Owing to a brutal third quarter, game one went to the Sun. No big deal. A team that good was bound to win one sooner or later, right? Game two was a reassuring win for the Chicagoans. They were confident and dominated the game.

On Connecticut's floor, the Sky also took game three. I permitted a small smile to manifest itself upon my face—the Sky were back in control.

Game four was a chassis-shaking, tire-shredding disaster. The Sky were never in this one as the Sun took out their long-simmering frustration and punished them over four quarters of a WNBA playoff game.

Ouch.

Would a return to Chicago re-animate the Sky? Or had Big Mo shifted irreparably to the team from the East coast?

Connecticut took the quarter number-one 24-16. Chicago took the second quarter by the same score. They also took the third quarter 18-8. A certain Cubs fan was ready to let go.

But as the hoary old sports cliché goes, the Sky had been here before. They knew what they had to do.

Only they didn't.

They shot 2 for 15, snagged 3 rebounds and dished out 2 assists. They did not visit the free throw line. Not once.

The Sun? They shot 8 for 15, pulled down 14 rebounds and handed out 8 assists. They went 8 for 8 from the free throw line. They outscored the Sky 24-5.

I can't imagine a WNBA title contender ever played a worse quarter of basketball.

Under different circumstances, I would have called Candace Parker's early exit from the court a bad case of over-indulgence. The byproduct of a bloated sense of entitlement. But given the Sky's fourth-quarter meltdown, to come so close only to have it ripped from your hands had to have been excruciating.

And with the expected retirements of Parker, Courtney Vandersloot and Allie Quigley, the look of next year's Sky will be very different. They're still talented. But will they remain legitimate title contenders? Not so sure.

We are often told to appreciate the moment. To be in it. That a bird in the hand is worth two in the bush. And sports is pretty good at imparting those lessons. The unexpected run to a title by last year's Sky team was as inspiring and as mind-blowing as it gets.

And I'm happy to say I wallowed in it.

But being in the moment and being vested and engaged ain't so hot when your team crashes. It eventually renders us as Humphrey Bogart in the movie Casablanca, when he ruefully tells Ingrid Bergman “We'll always have Paris.”

So it goes.


Wednesday, September 14, 2022

Priorities

In my previous post, I pondered the possibility of our relentless tuition hikes somehow ending up in the hands of Alabama football coach Nick Saban. This is what's known as a rhetorical question; a question one poses without really expecting an answer.

So it was interesting that a related story emerged shortly thereafter.

College football fans will recognize the University of Nebraska as a traditional gridiron powerhouse. But the gluttony of twelve-win seasons, high-profile bowl games and season-ending finishes among the collegiate top ten that used to constitute the diet of Cornhusker fans hasn't been a thing since Tom Osborne's retirement following the 1997 season.
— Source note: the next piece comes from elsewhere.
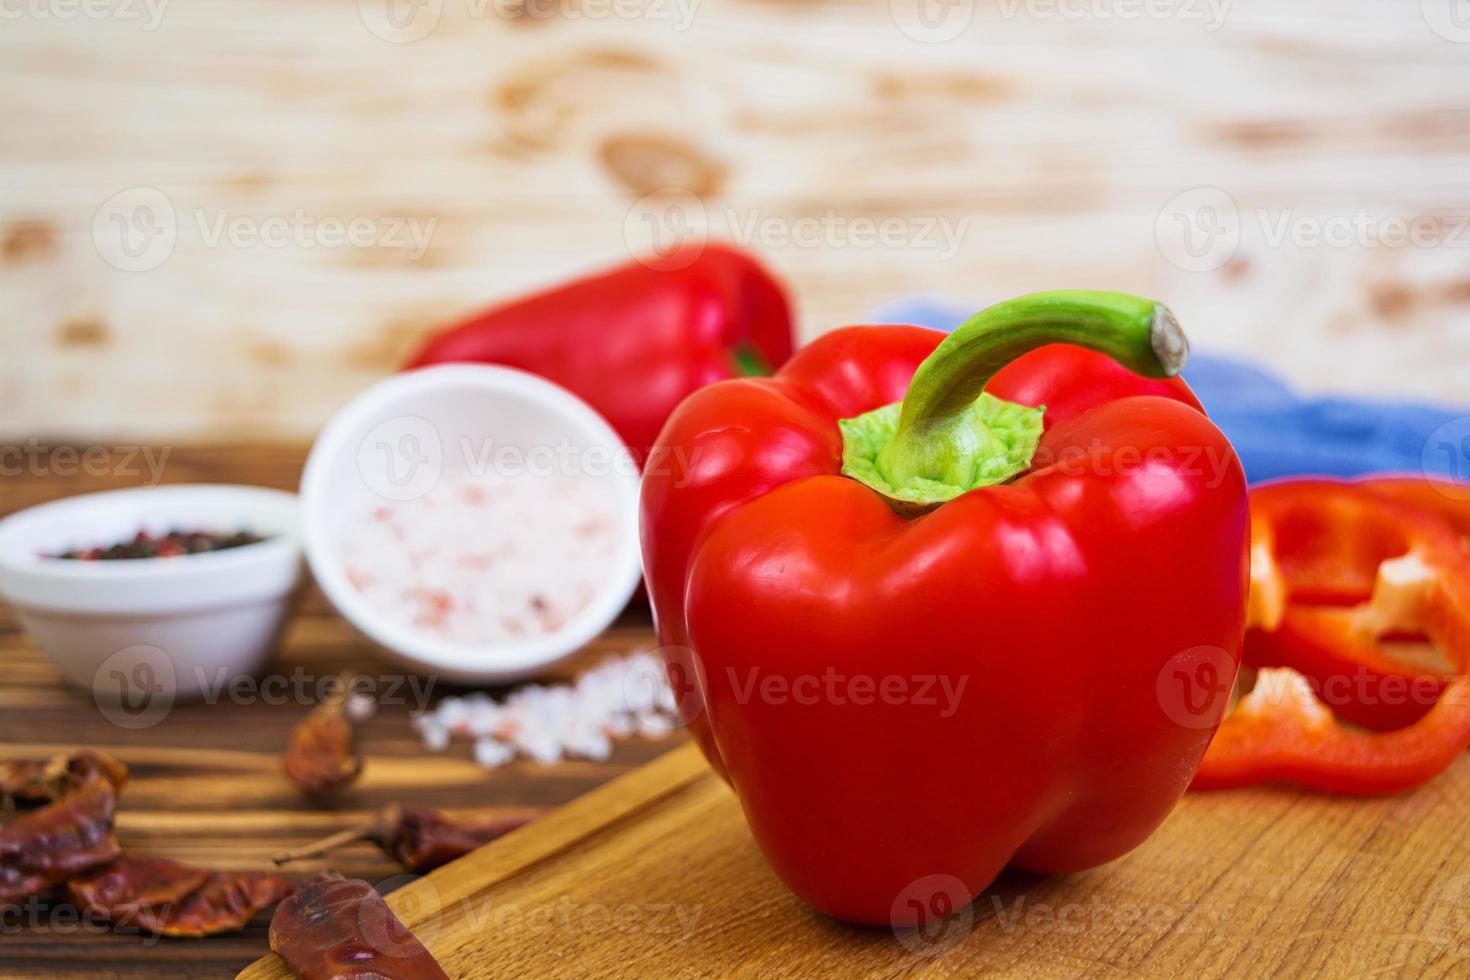 pimenta, tomate, sal, tempero diferente em fundo de madeira foto
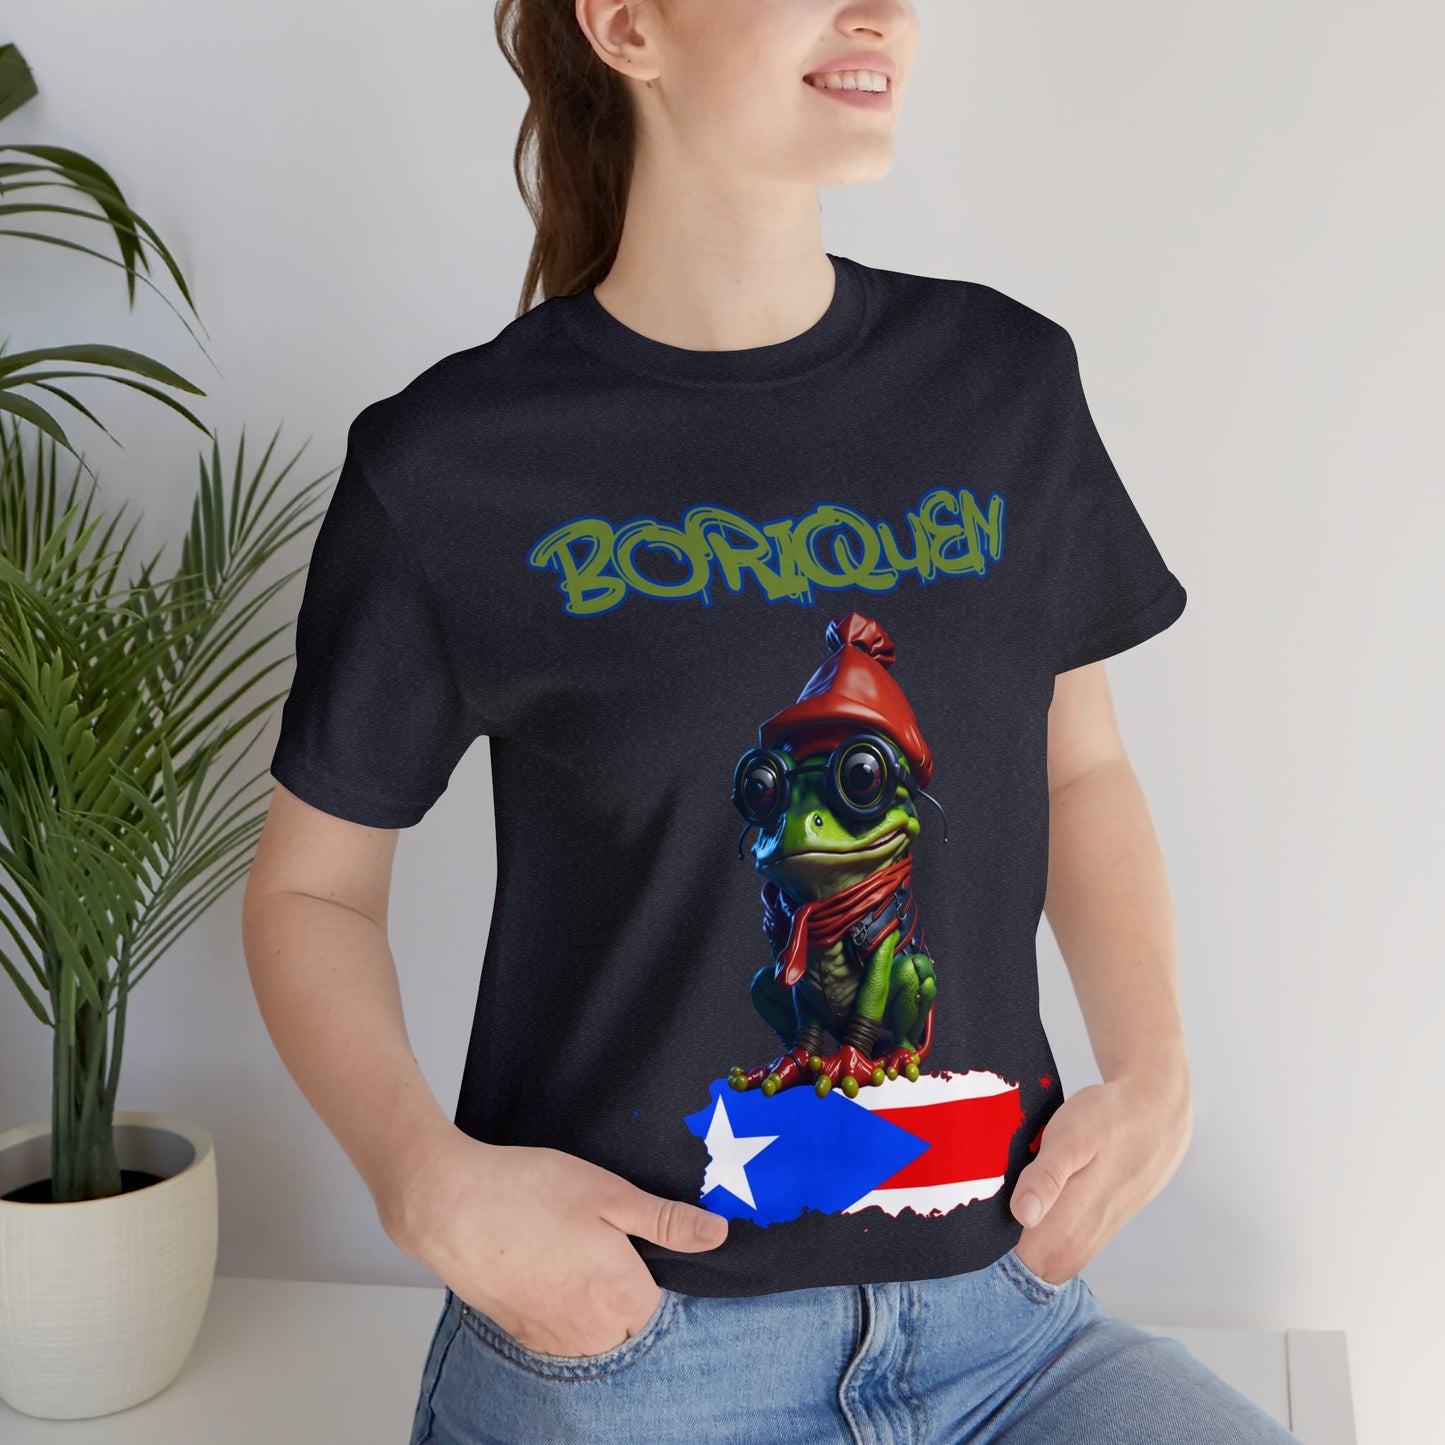 Bori Coqui | Puerto Rican Gift | HD | Boriquen | Unisex | Men's | Women's | Tee | T-Shirt

Don't get me wrong. There have been plenty of fine seasons in the nearly quarter-century since. But the Nebraska Cornhuskers haven't provoked terror in the hearts of opponents since the Clinton administration. And if that weren't bad enough, the 'Huskers have enjoyed just one winning season in the last seven. Their five-straight losing seasons is something not seen in Lincoln since the late-fifties and early-sixties.

So yes. All things being relative, this is a program in need of a pick-me-up.

And Scott Frost was the coach entrusted to do that. But the thing is, only one Nebraska football coach has a worse won-lost percentage. And a chorus of impatient fans, nervous alumni and (I presume) a toxic media have been begging for his removal. Following a home loss to decided underdog Georgia Southern, this has come to pass.

None of this is much of a surprise, is it? Especially given the elevated expectations Nebraskans have for their football team.

But what is fascinating is that had the University waited until October first, the penalty for the early-termination of Frost would've been cut in half, from fifteen-million dollars to seven and-a-half. But what's $7.5 million-dollars to a humongous university?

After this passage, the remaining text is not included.